意外に大変?日本国籍を再取得する方法について
何らかの理由で日本国籍を喪失した場合、もう二度と日本国籍を取得できないのでは、と心配になるかもしれません。
しかし、日本国籍を喪失したとしても、一定の条件を満たせば再取得できる制度があるのです。
そこで今回は、日本国籍を再取得する方法について解説します。
再取得の方法は「喪失の理由」によって異なります。出生時の国籍留保をしなかった場合と、二重国籍による国籍選択の問題など、複数のケースごとに規定が用意されています。まずは自分がどのケースに該当するかを確認することが大切です。
日本国籍を留保しなかった場合は日本国籍を喪失する
外国で生まれた場合、その国の法律によっては日本国籍だけでなく、その国の国籍も取得する場合があります。
たとえば、「A国で生まれた子供は無条件でA国籍を取得する」という法律があるとします。
A国で生まれた子供については、日本国籍の夫婦から生まれた子供であっても、出生によって日本国籍とA国籍の両方を取得します。
出生によって日本国籍と外国籍の両方を取得した子供は、「日本国籍を留保する」という届出をしなければ、出生時にさかのぼって日本国籍を喪失してしまいます(国籍法第12条)。
この届出は出生から3か月以内に行う必要があり、親の判断で行わなかった場合でも、本人に大きな影響が及びます。将来的に再取得を考える際にも、過去の届出状況を確認することが重要です。
国籍法第12条の場合の日本国籍の再取得
日本国籍を留保する届出をしなかった場合、国籍法第12条によって日本国籍を喪失してしまいます。
国籍法第12条によって日本国籍を喪失した場合、以下の要件を2つとも満たせば、法務大臣に届け出ることによって、日本国籍を再取得することが可能です(国籍法第17条第1項)。
・18歳未満であること
・日本に住所を有すること
18歳以上の場合や、日本に住所がない場合は、国籍法が規定する要件を満たさないので、日本国籍を再取得することはできません。
官報による催告を受けた場合に日本国籍を喪失する
日本国籍と外国籍の両方を有する人(二重国籍者)は、法務大臣によって国籍を選択するように催告を受ける場合があります。
二重国籍者の所在地が不明な場合、法務大臣は官報(国が発行する機関紙)に掲載する方法によって、催告をすることができます。

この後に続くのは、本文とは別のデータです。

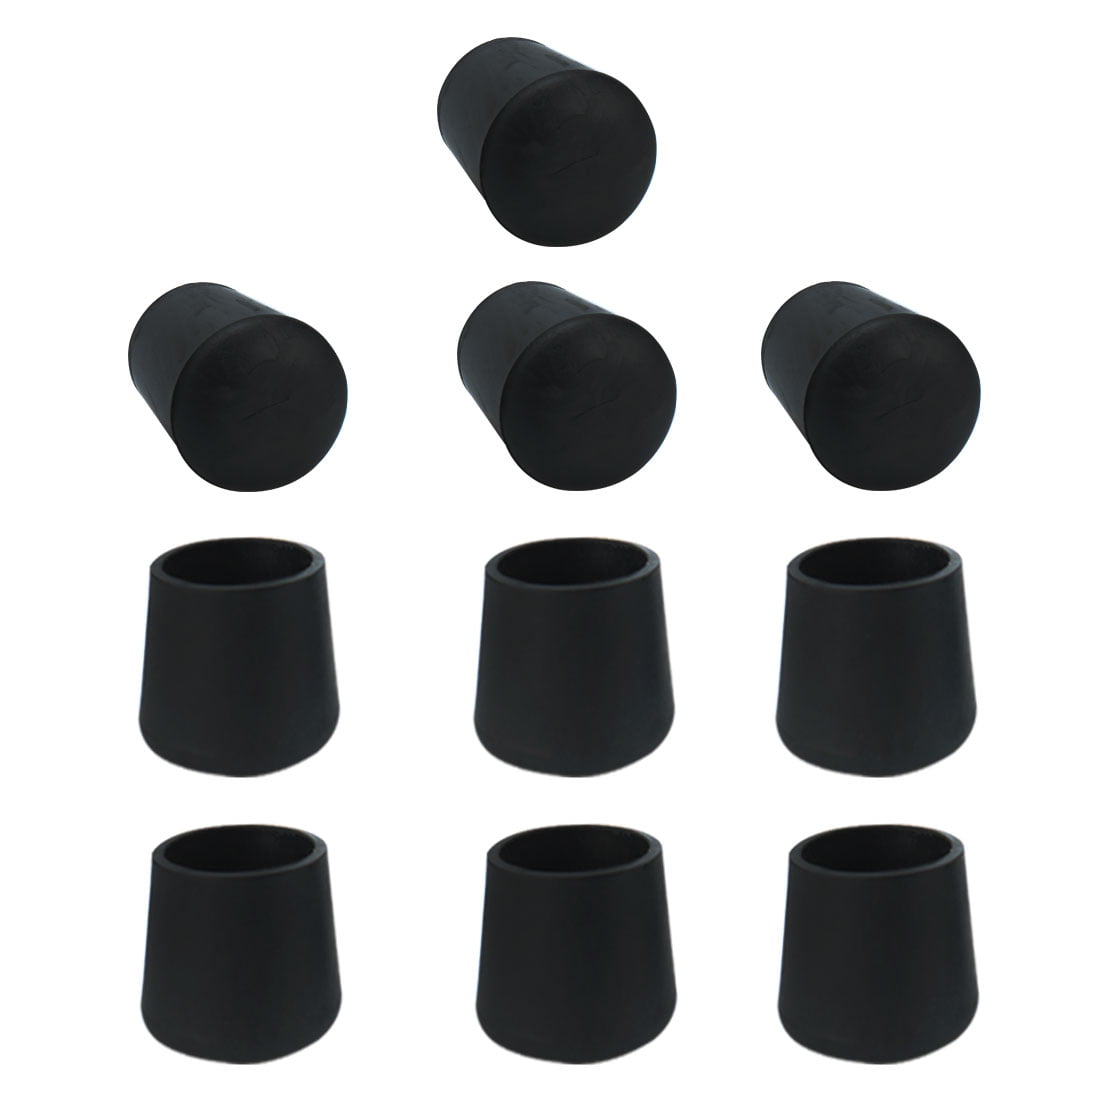 uxcell 30mm Dia Black PVC Rubber Round Cabinet Leg Insert Cover Protector

もし官報によって催告を受けた場合、催告を受けた日から1ヶ月以内に日本国籍を選択しなければ、原則として日本国籍を喪失してしまいます(国籍法第15条第3項)。
国籍法第15条のうち官報による場合の日本国籍の再取得
国籍法第15条によって日本国籍を喪失した人は、以下の要件を全て満たす場合には、日本国籍を再取得できます。
・官報によって催告を受けたこと
・催告を受けた日から1ヶ月以内に日本国籍を選択しなかったために日本国籍を喪失したこと
・無国籍であること、または日本国籍を取得することで現在の国籍を失うこと
・日本国籍を喪失したことを知った日から1年以内に法務大臣に届け出ること(天災の場合など例外あり)
条件を満たすことができれば、比較的簡易な手続きで再取得が認められる可能性があります。ただし、届け出の期限を過ぎると認められなくなるため、早めの行動が欠かせません。専門家に相談するのも有効です。